HUNDREDS of homes across Fareham and Gosport could be at risk of losing their bus services from next year.
Hampshire County Council is looking at which services it will subsidise and which routes it will give to other companies.
The new timetables would come into effect on January 4 and will see some bus routes lose subsidy, meaning a reduction in service.
Executive member for transport Cllr Sean Woodward said: ‘We have to look at which routes receive subsidy and at what level. The county council has lost funding from government so we have to look very carefully at the bus subsidy bill.’
Fareham borough councillor Jim Forrest is concerned about bus services to his Stubbington ward.
First wants to withdraw the 5a, which runs clockwise on the loop via Crofton Lane, Plymouth Drive and Cuckoo Lane, leaving only the 21 serving the loop, in the anti-clockwise direction.
Cllr Forrest said: ‘These changes will affect a large number of people, and some people will be left without direct access to Fareham station. I cannot understanding their reasoning.’
Pensioner Robert Reed, from Grayshott Avenue, would be affected by the cuts. Mr Reed, 73, said: ‘It would cut me off and a good half a dozen people of my age would be cut off as well. We would have no way of getting into Fareham. It’s not just for shopping, I go to the doctors and I go to the train station to visit relatives.’
Rosemary Peake, from Lancaster Close, Portchester, is running a petition to secure subsidy for a direct route from Fareham to Portchester.
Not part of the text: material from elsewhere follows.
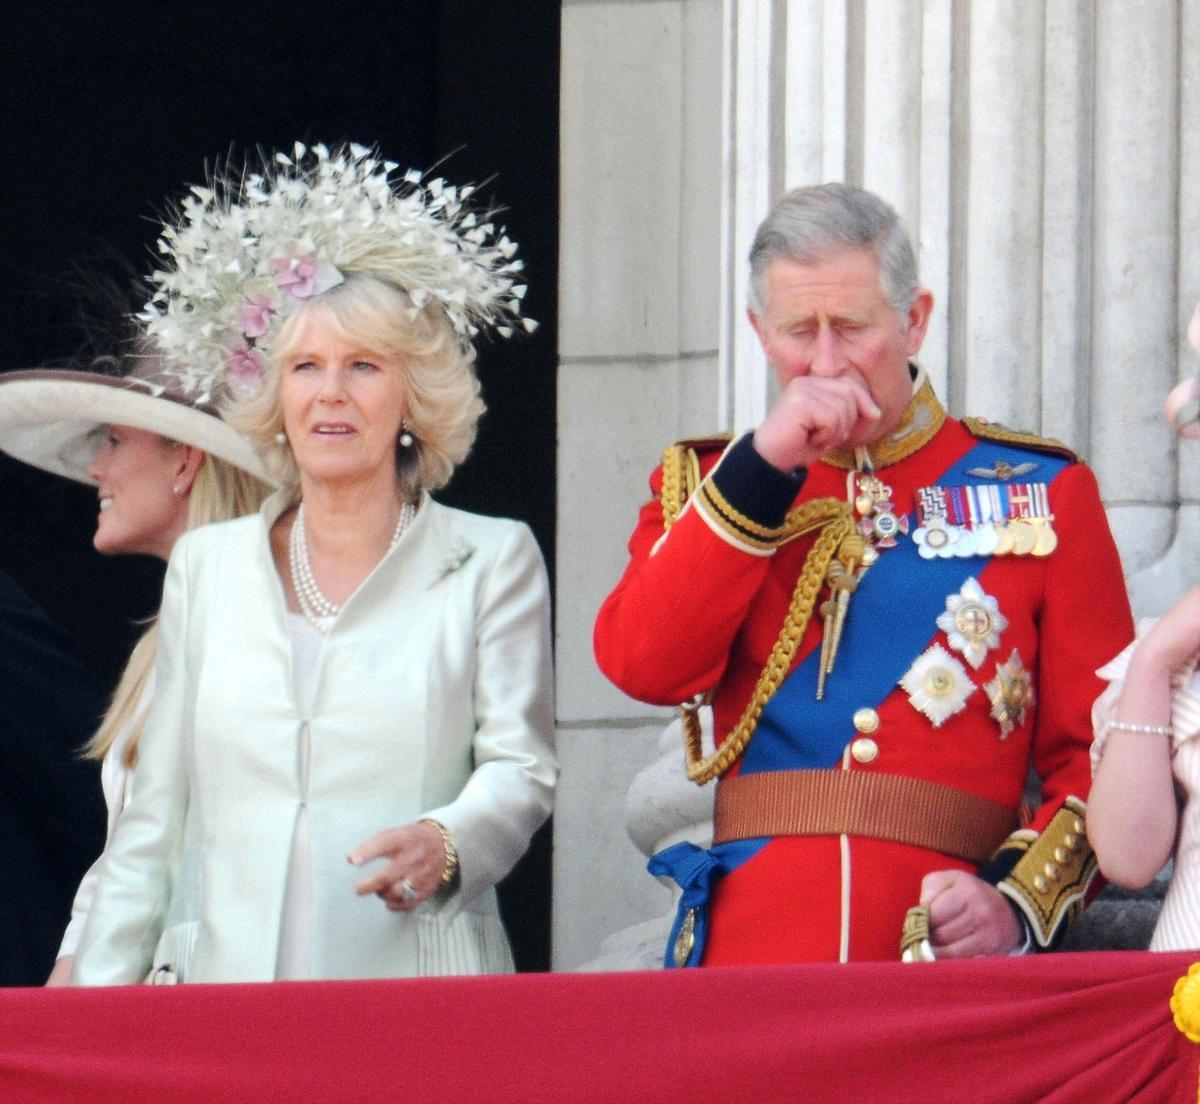 Księżna Diana miała przezwisko na kochankę męża. Było zabawne czy przerażające?
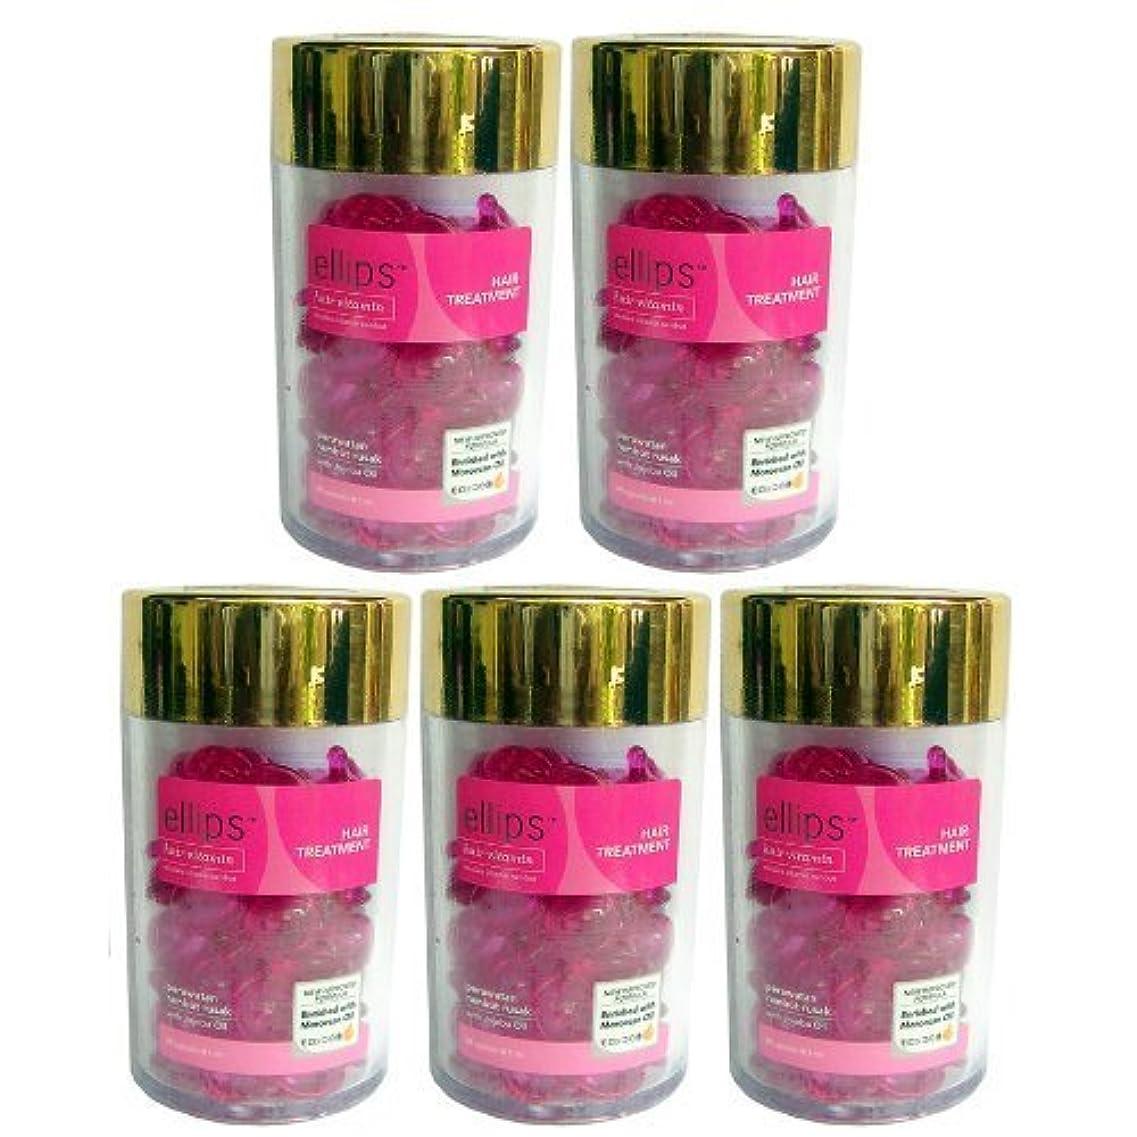 バックアップ暗殺する資本エリップス ellips ヘアビタミン洗い流さないヘアトリートメント(並行輸入品) (ピンク5本)

Mrs Peake said: ‘I feel angry. They are ploughing money into the Eclipse service, which is great if you live in Fareham or Gosport but it’s leaving everyone else high and dry. As we know in Portchester, once services are altered and changed, like the 3a, people couldn’t use it and then they gave up so it put the route under further threat. It is ridiculous.’
To sign the petition go to the Portchester Community Association on West Street, Portchester.
Cllr Forrest urged people to contact their councillors if they are concerned about the changes, so they can pass on the concerns to the council.
Marc Reddy, the managing director of First Hampshire, Dorset and Berkshire, said: ‘Our aim is to provide a network that meets our customers’ needs. The vast majority of bus services are provided commercially without subsidy.
‘However, there are a small number which can only be operated with financial support from the local authority. These services are usually deemed as “socially necessary” and are provided under contract to the council, often following a competitive tendering exercise.
‘We are conscious most local authorities are under extreme pressure in regard to their budgets for the provision of these socially necessary services and we continue to work with our partners at the county council to find cost-effective solutions to meet this need.’